To elucidate the detailed characteristics of the S. complicata genomic DNA sequences, we have refined the genome assembly with additional sequencing of mate-paired DNA libraries of this species. We generated a total of 11.4 million paired-end read pairs (700-bp insert and 100 bp in length) and a total of 23.7 million mate-paired read pairs (6.2 million 3-kb-, 6.2 million 5-kb-, 5.3 million 10-kb-, and 6.0 million 15-kb-long-insert read pairs), respectively, using Illumina HiSeq and MiSeq sequencers. The read pairs were dereplicated by Fulcrum (7) and assembled using the SPAdes assembler (8). The assembly of the dereplicated read pairs by using 21 to 89 bp for the k-mer size option yielded a set of 104 contigs of ≥1 kb, whose total size and N50 are 14.1 Mb and 239 kb, respectively.
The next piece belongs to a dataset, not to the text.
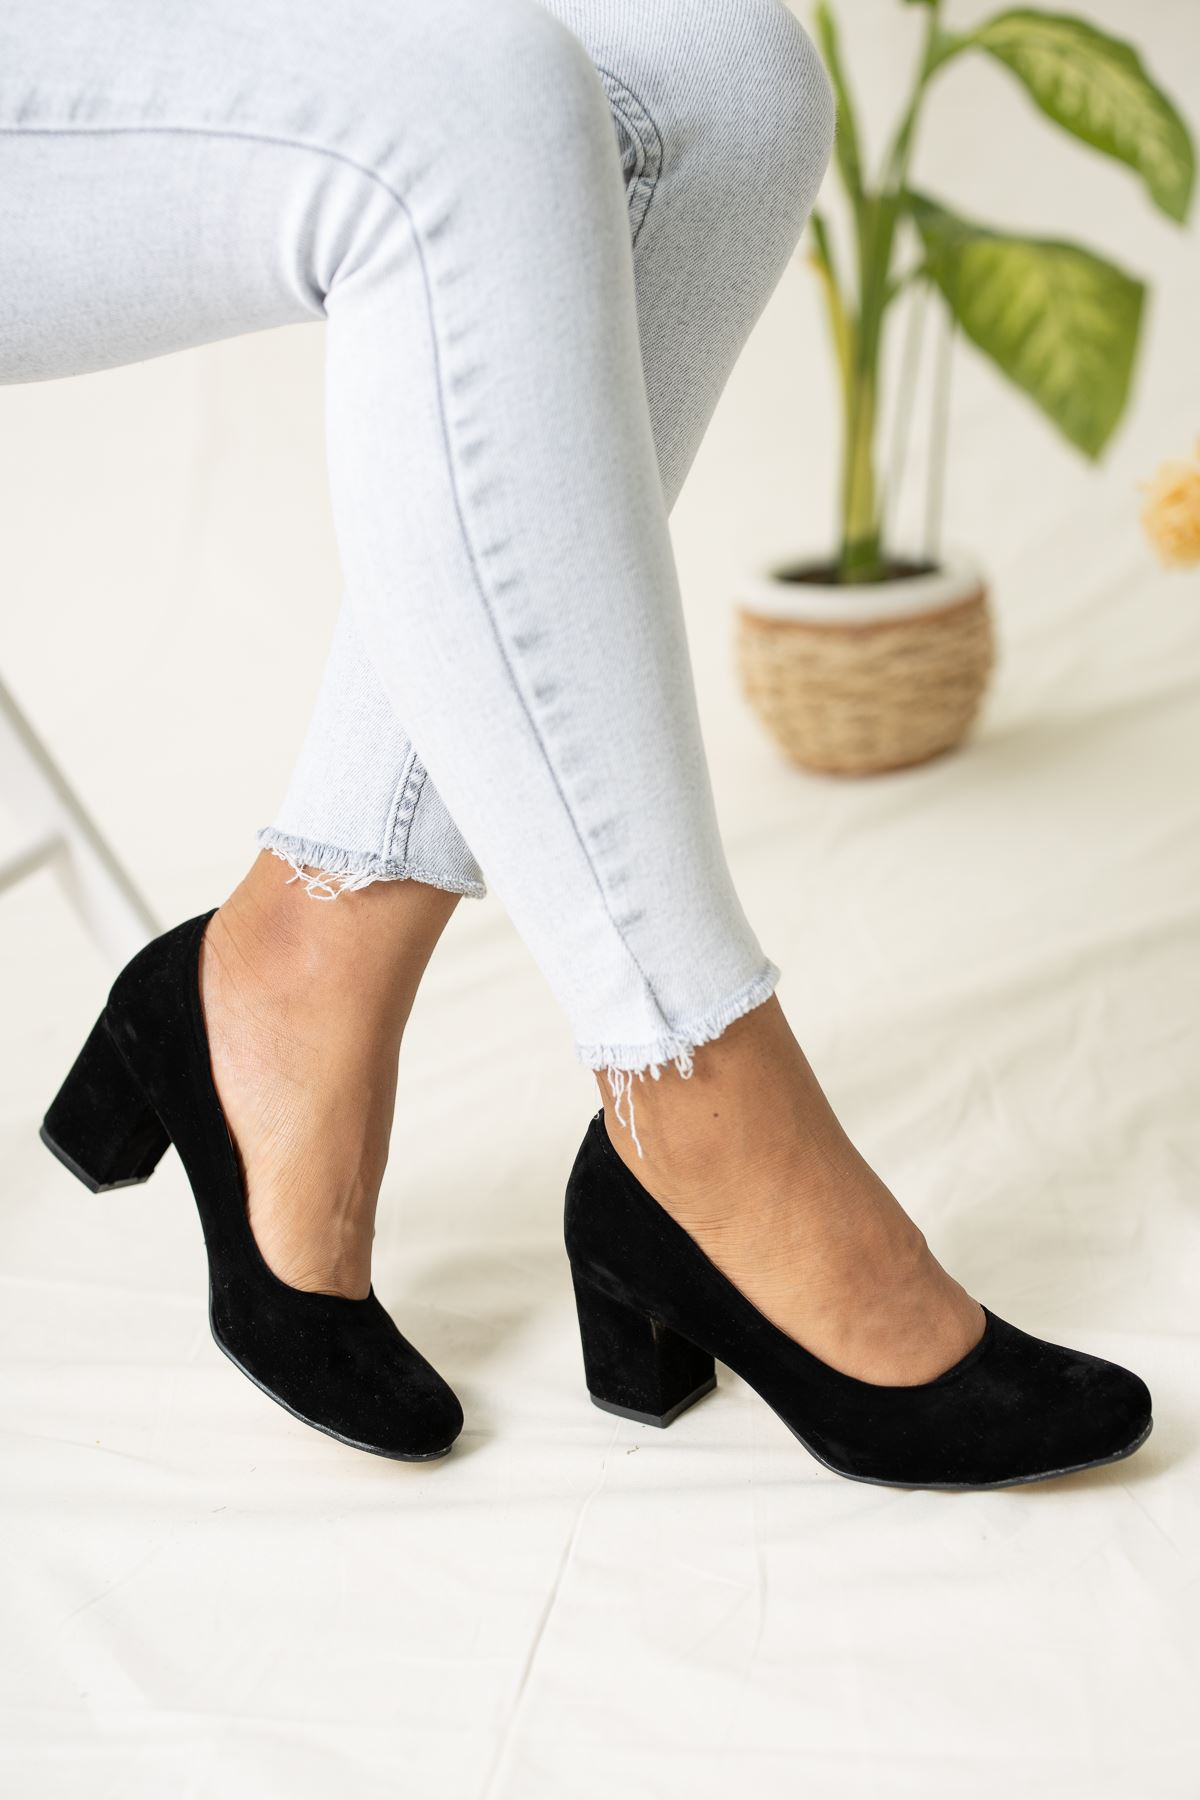 Kare Topuk Siyah Süet Kadın Ayakkabı

Using Augustus (9), a gene prediction software based on the alignment of expressed sequences to the genome, we have determined coding sequences (CDSs) of the genes expressed on the assembled genome of Saitoella according to the gene model of Aspergillus nidulans, which is thought to have some taxonomic proximity to Saitoella. Based on the exon coordinates mapped by a total of 89.3 million RNA sequencing (RNA-seq) paired-end read pairs (100 bp in length) uniquely mapped to the genome by BLAT (10), Augustus identified 6,933 protein-coding genes (7,119 transcripts, including alternative splicing forms) on the Saitoella genome. All this computational work was done on the NIG Supercomputer system (11).

Nucleotide sequence accession numbers.

The DNA sequences have been deposited in DDBJ under the accession numbers BACD03000001 to BACD03000104.